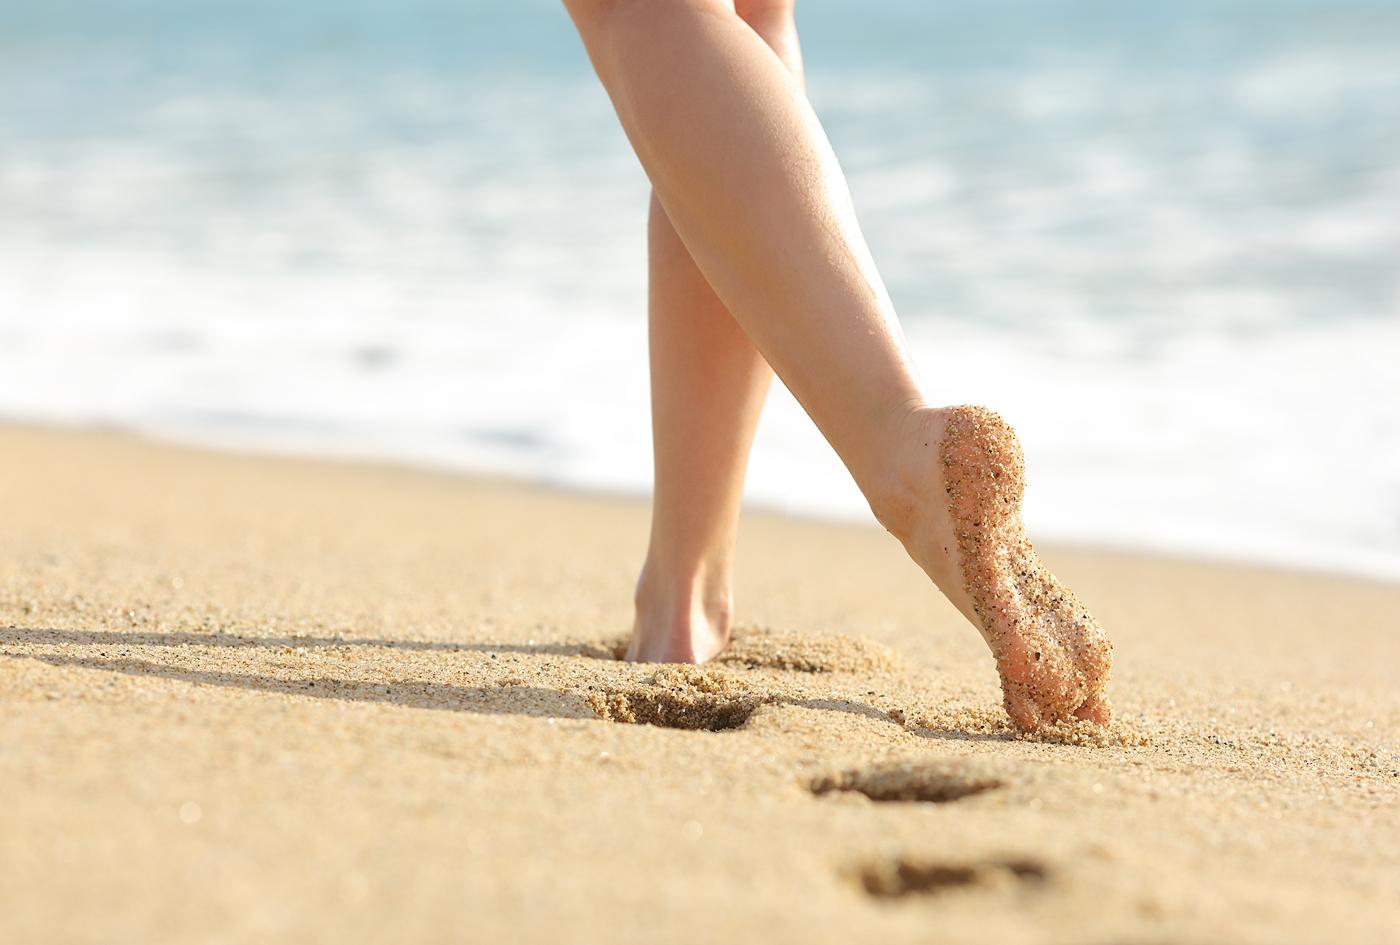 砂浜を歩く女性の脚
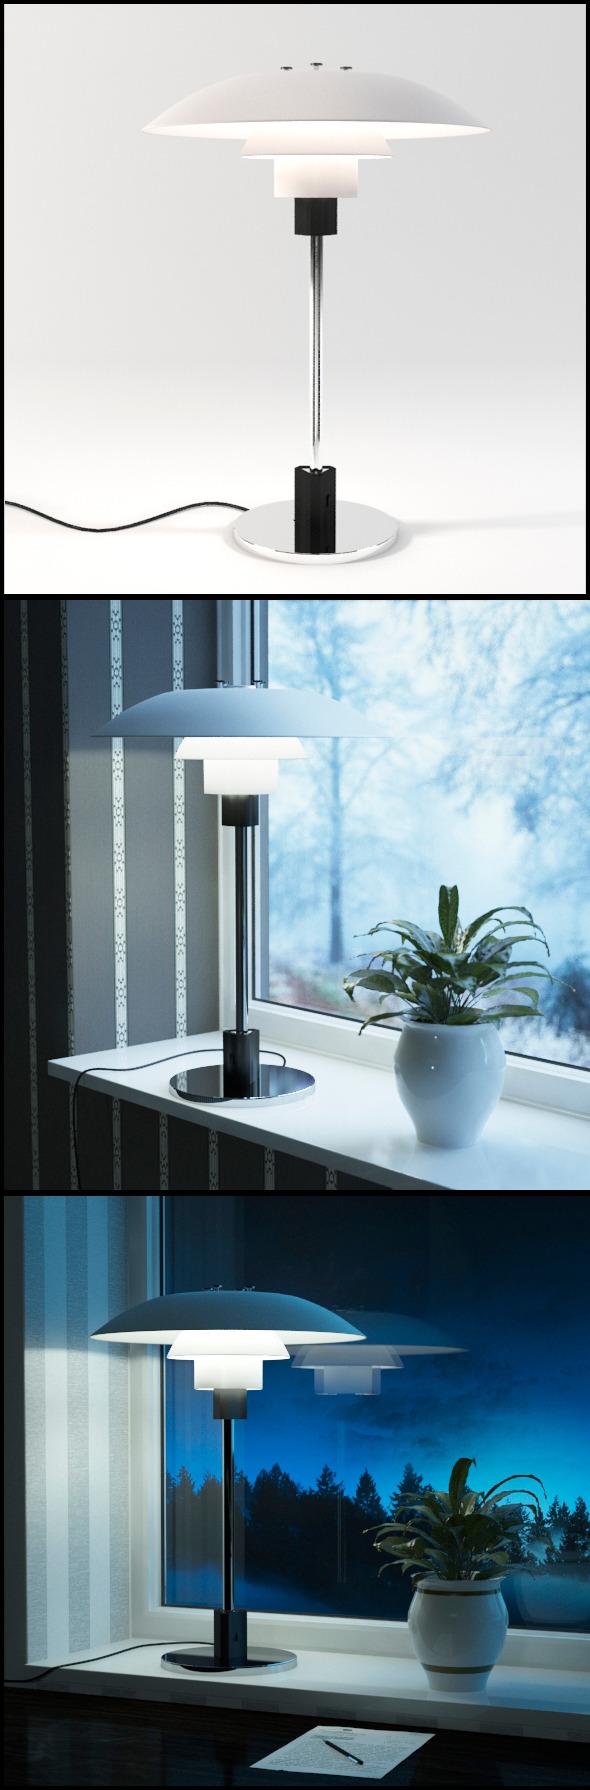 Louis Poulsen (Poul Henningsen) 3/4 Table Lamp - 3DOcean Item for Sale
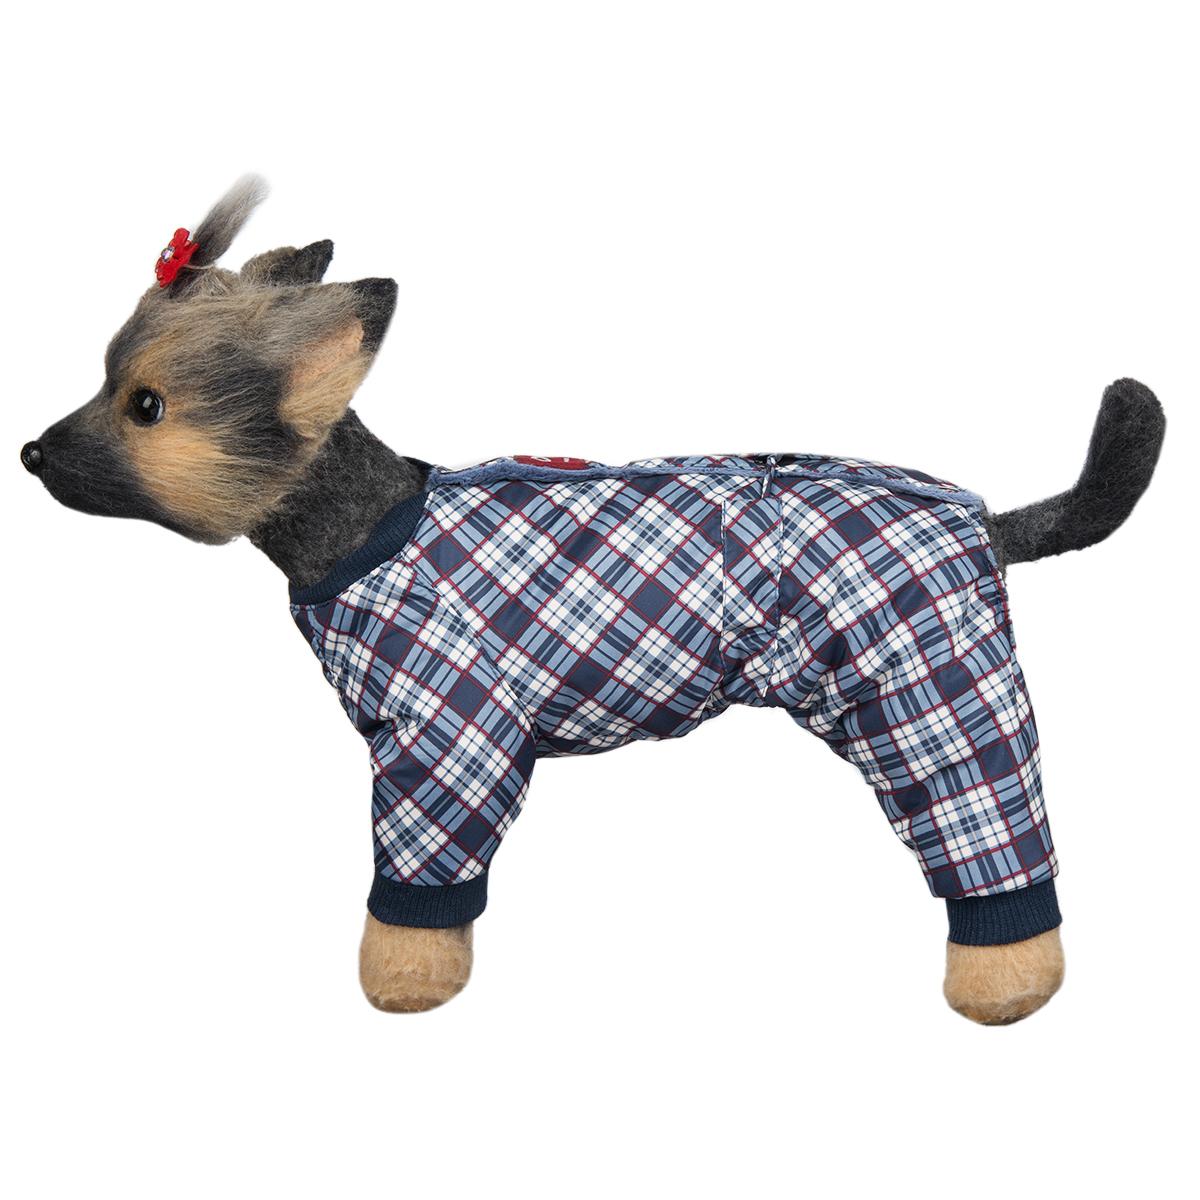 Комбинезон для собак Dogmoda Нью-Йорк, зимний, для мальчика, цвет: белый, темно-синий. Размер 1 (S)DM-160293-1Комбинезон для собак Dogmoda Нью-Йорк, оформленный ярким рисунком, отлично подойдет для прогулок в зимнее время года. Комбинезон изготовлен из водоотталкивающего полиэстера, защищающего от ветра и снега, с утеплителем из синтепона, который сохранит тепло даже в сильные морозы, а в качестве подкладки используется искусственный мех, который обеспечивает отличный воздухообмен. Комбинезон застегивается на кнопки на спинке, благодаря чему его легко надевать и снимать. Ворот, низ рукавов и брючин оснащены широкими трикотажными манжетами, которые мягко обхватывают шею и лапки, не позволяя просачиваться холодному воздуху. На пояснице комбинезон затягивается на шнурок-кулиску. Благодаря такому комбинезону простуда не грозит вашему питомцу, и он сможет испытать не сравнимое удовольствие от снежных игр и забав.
───
→ **TASK ITEM**: Copy the material exactly as written and leave every picture behind.

→ **FINISHED TASK**:
 砂浜を歩く女性の脚
 Louis Poulsen (Poul Henningsen) 3/4 Table Lamp - 3DOcean Item for Sale
 Комбинезон для собак Dogmoda Нью-Йорк, зимний, для мальчика, цвет: белый, темно-синий. Размер 1 (S)DM-160293-1Комбинезон для собак Dogmoda Нью-Йорк, оформленный ярким рисунком, отлично подойдет для прогулок в зимнее время года. Комбинезон изготовлен из водоотталкивающего полиэстера, защищающего от ветра и снега, с утеплителем из синтепона, который сохранит тепло даже в сильные морозы, а в качестве подкладки используется искусственный мех, который обеспечивает отличный воздухообмен. Комбинезон застегивается на кнопки на спинке, благодаря чему его легко надевать и снимать. Ворот, низ рукавов и брючин оснащены широкими трикотажными манжетами, которые мягко обхватывают шею и лапки, не позволяя просачиваться холодному воздуху. На пояснице комбинезон затягивается на шнурок-кулиску. Благодаря такому комбинезону простуда не грозит вашему питомцу, и он сможет испытать не сравнимое удовольствие от снежных игр и забав.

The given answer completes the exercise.